You sometimes need to save binary data from jobs.
The obvious solution is to write a file from each job to Cypress.
But this method has its drawbacks:

  • It creates a high load on the proxy.
  • A large number of objects appears in Cypress which makes working with them less efficient.

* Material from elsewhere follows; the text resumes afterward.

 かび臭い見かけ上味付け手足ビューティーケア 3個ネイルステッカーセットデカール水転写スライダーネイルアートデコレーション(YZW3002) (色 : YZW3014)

Therefore, it is preferable to write the binary data in a single table:

  1. The data is divided into parts and saved in separate table rows. This table must have a set of key columns that uniquely identify the file: name and path. Besides that, there must be a column responsible for the BLOB number with the data and a column responsible for the data itself. The table must be sorted by a set of key columns and by a column with the BLOB number so that point reads by the key that specifies the file name are possible.
  2. For a file, all BLOBs, except for the last one, must be the same size. The recommended size is 4 MB, and some commands, such as read_blob_table, are applied to it by default. The columns with data and the BLOB number must be named data and part_index, respectively.

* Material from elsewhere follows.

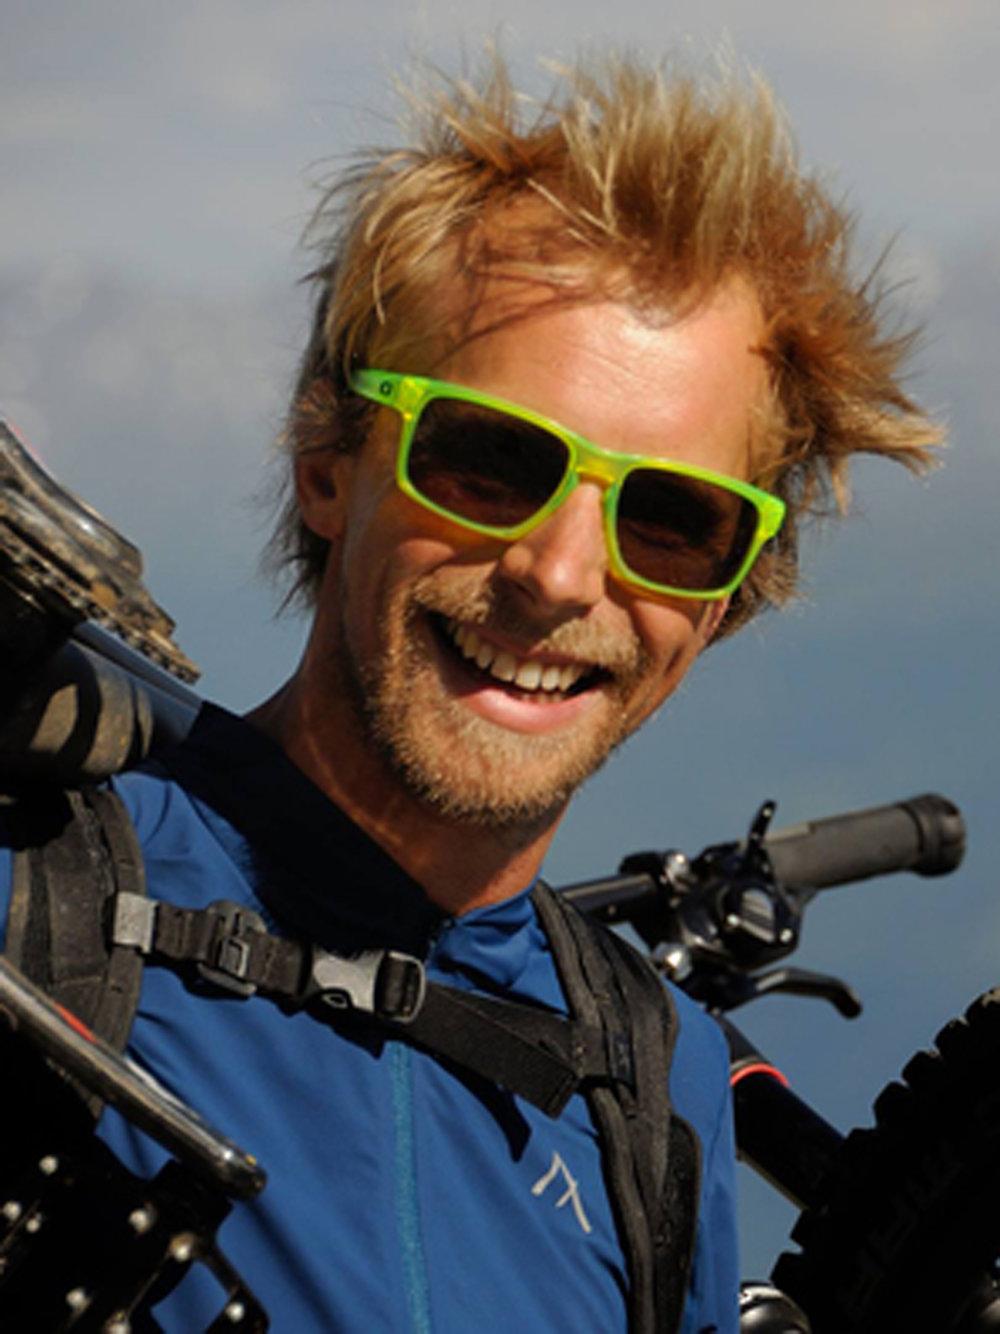 Harald  ist Mountainbike-Profi ohne Wettkampf-Ergebnisse. Stattdessen hat sich der pfiffige Wahl-Innsbrucker als Bikebergsteiger einen Namen gemacht, um schließlich im flow-Thema aufzugehen: Gemeinsam mit Dr. Simon Sirch ist er Autor des Buches  FLOW  – Warum Mountainbiken glücklich macht. Mit  Multimedia-Vorträgen  über seine Abenteuer begeistert Harald ein breites Publikum – vom Outdoorsport bis in den Businessbereich.

Tables that meet the described conditions are BLOB tables.

BLOB tables are used within YTsaurus to store stderr and core files generated by operation jobs.
For example, the table with stderr operations has 3 columns: job_id, part_index, and data, the table is sorted by job_id and part_index.

The read_blob_table command

The special read_blob_table command is implemented for convenient data reading from BLOB tables.

The command takes the path to the table as input and outputs a binary data stream.
The command also checks that the indexes of read BLOBs start from zero and go without gaps.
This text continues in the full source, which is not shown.